The Antigravity A1 offers an aerial experience unlike any I’ve tried. There’s nothing that comes close to the feeling of real-time video hitting my eyeballs whichever direction I look. There’s no pricing information yet, though Antigravity claims customers will have it in hand in January next year.

A Consumer Drone Like No Other

First off, there’s the A1 drone itself. It’s about the size of a DJI Air 3S with four propellers and automatic fold-out landing gear. It also weighs about the same as DJI’s drone at 249g, or 0.54 pounds, plus the arms fold in to make it slightly easier to carry around. If it weren’t for the two cameras on the top and on the bottom of the A1 drone, it would look like many similar products of its kind. What’s special about this design is that Antigravity managed to make the A1 “invisible” to both lenses. It means you won’t see any hint of the quadcopter itself, unless you catch a hint of your own shadow.

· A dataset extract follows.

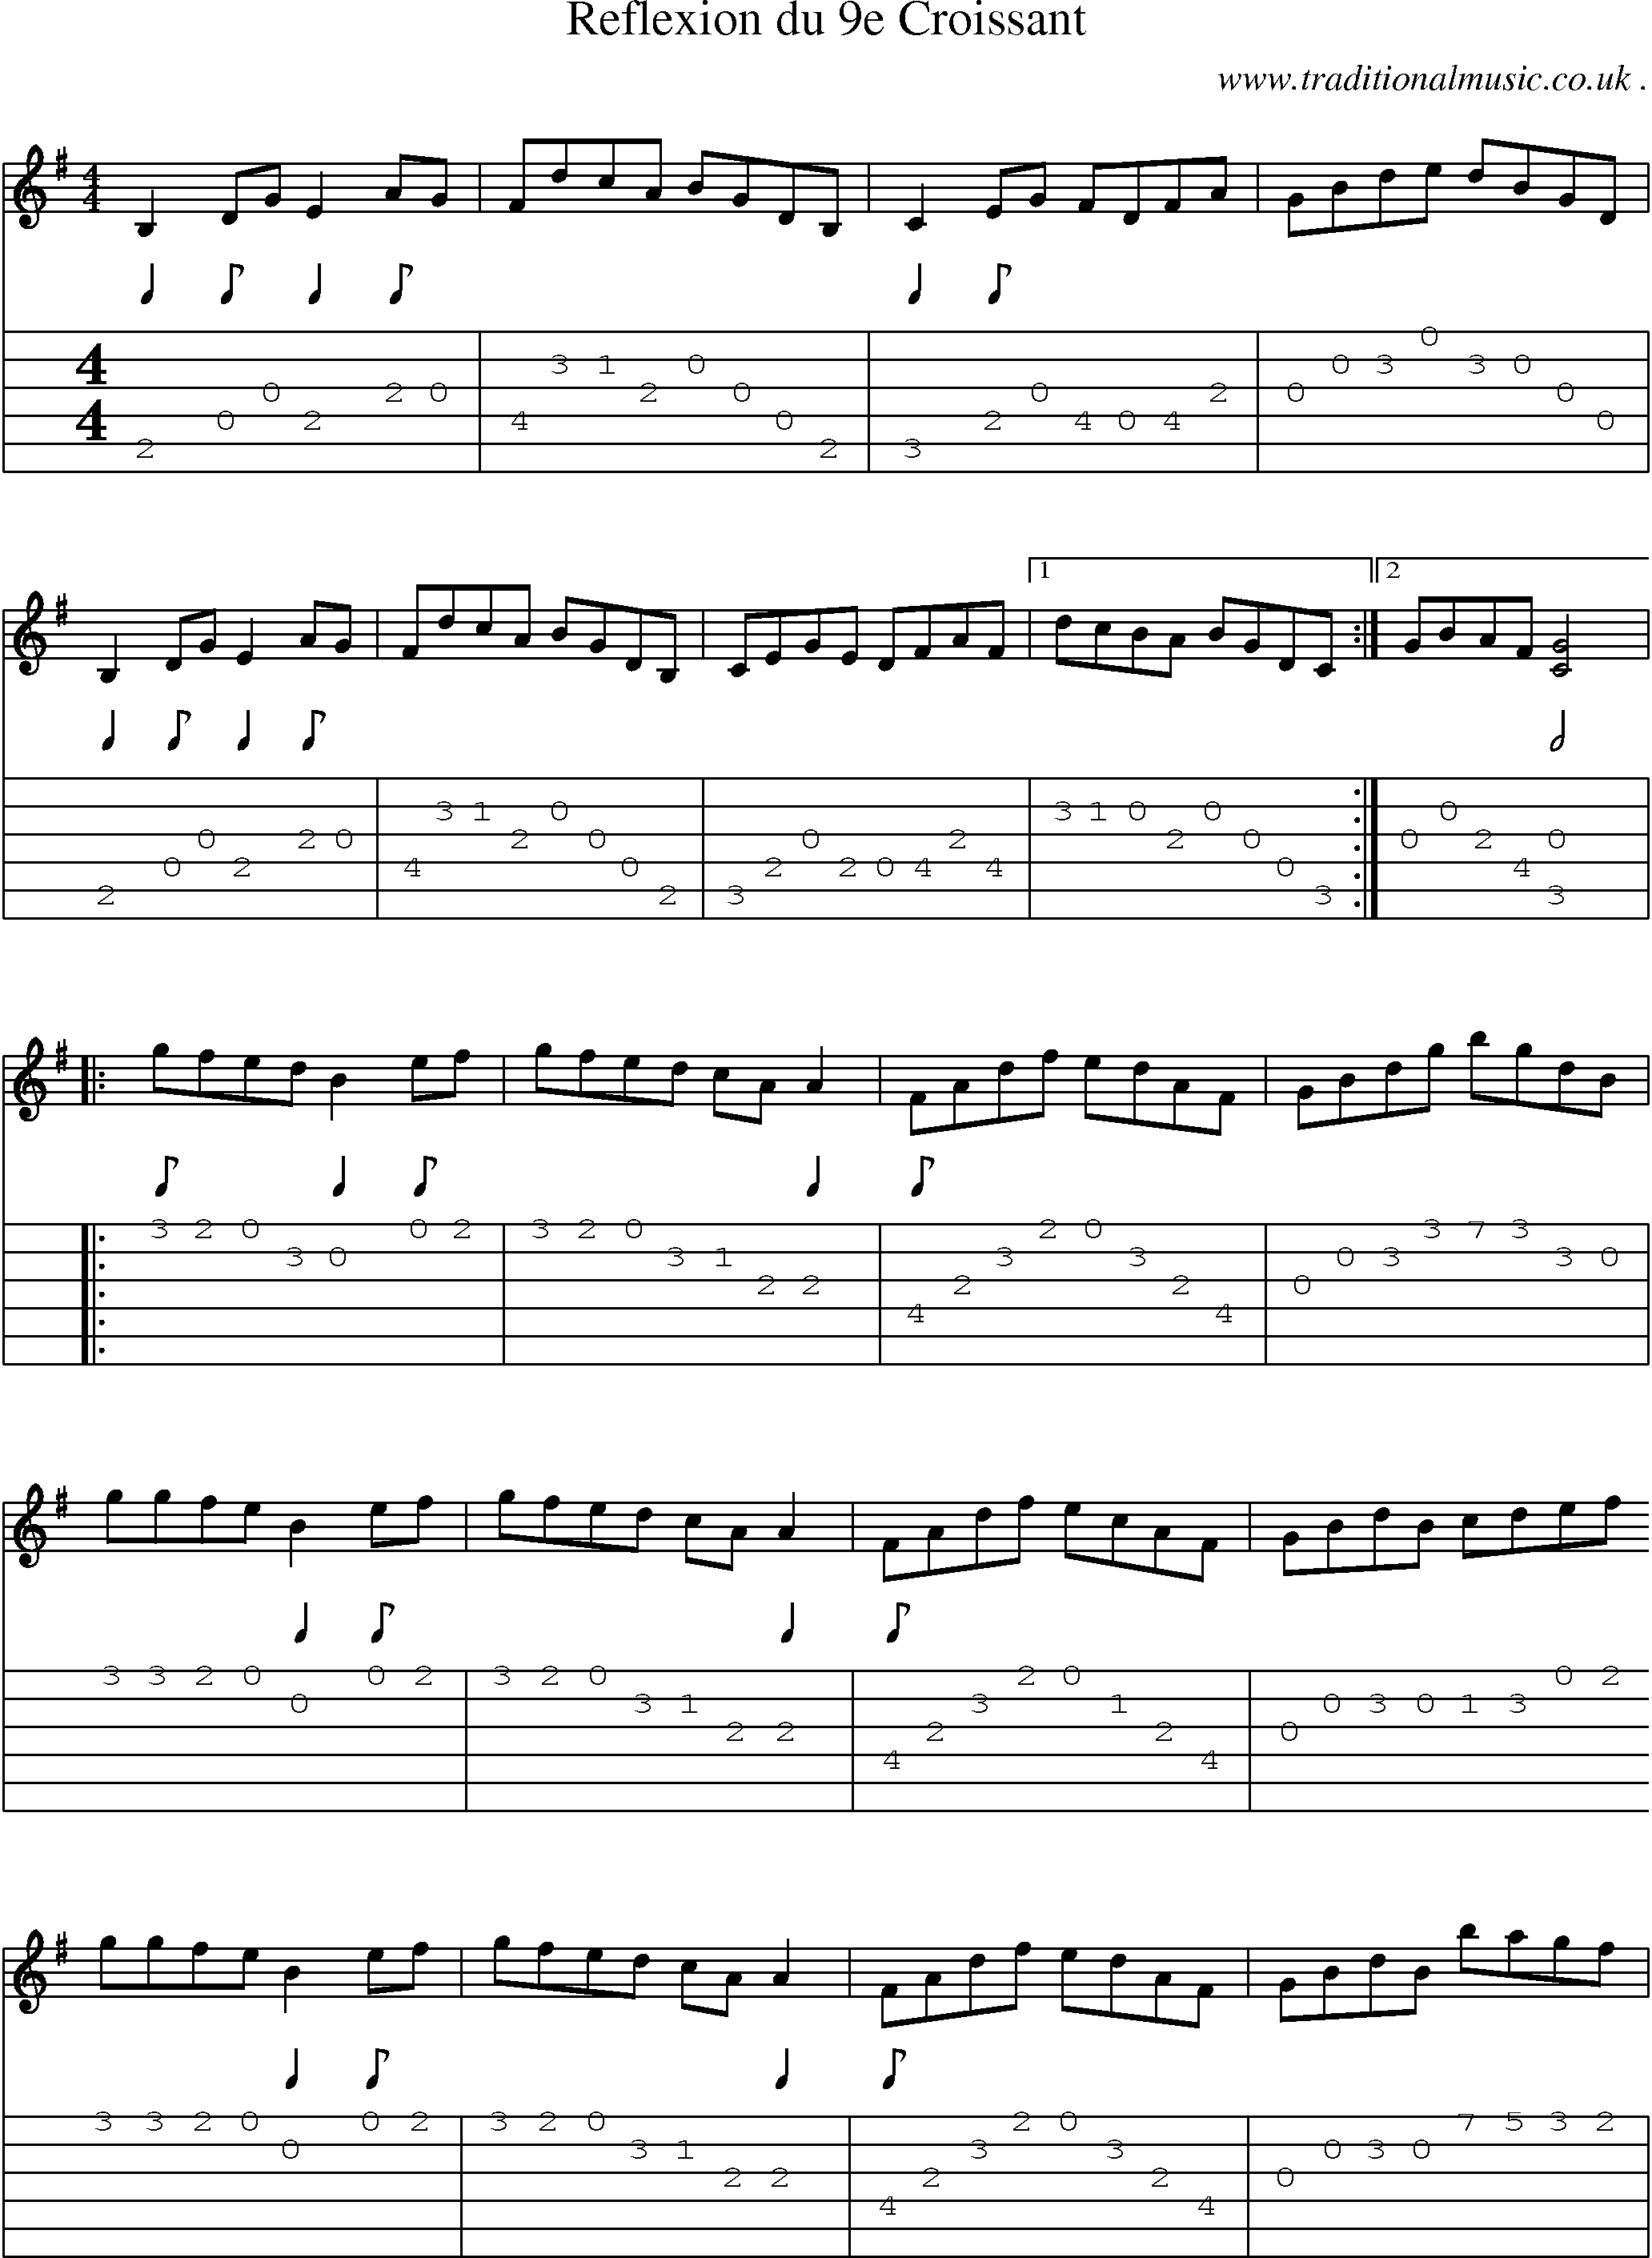 Sheet-Music and Guitar Tabs for Reflexion Du 9e Croissant

The controls are even more unique. The A1 uses a headset akin to DJI’s Goggles 3, but Antigravity placed a circular screen on the outside of the left lens that allows any onlookers to glimpse what you’re looking at. The first time I showed my colleagues the headset, they exclaimed I looked like the bug-faced Japanese superhero Kamen Rider. Inside the headset, you can freely look around 360 degrees and still see information pertaining to your speed, altitude, battery, and whether you’re currently recording.

If you’re filming, the device is capturing the full experience around you, so you don’t have to be looking in any one direction as you buzz around. There’s a small picture-in-picture display that pops up in your view if you’re not looking in the direction you’re flying. It’s helpful if you ever get distracted while in “Sport” mode and you forget that setting turns off automatic obstacle detection.

The missing piece is the controls, and it’s even more out of the box than the rest of the A1. Instead of a two-handed RC control with sticks, you’re given a handle with a few buttons on its face and a trigger to control speed. Inside the headset you’ll see a reticule that’s centered where you point the controls. Flying the A1 is strange, though; you’ll end up sticking the controller over your shoulder—as if you were blind firing—in order to fly backwards but keep looking forwards.

The combination of a pair of VR goggles on a drone isn’t completely unique. FPV, aka first-person view drones like the DJI Avata 2 combined with the DJI RC Motion 3, let you see your environment as you’re recording. These are nimble machines that you can spin, dive, or loop for those intense shots you can only get from an aerial vehicle. They’re also more difficult to use than your typical, straight-flying drone. A drone with a 360 camera could offer some of the same versatility without needing to put your expensive aerial device into perilous circumstances.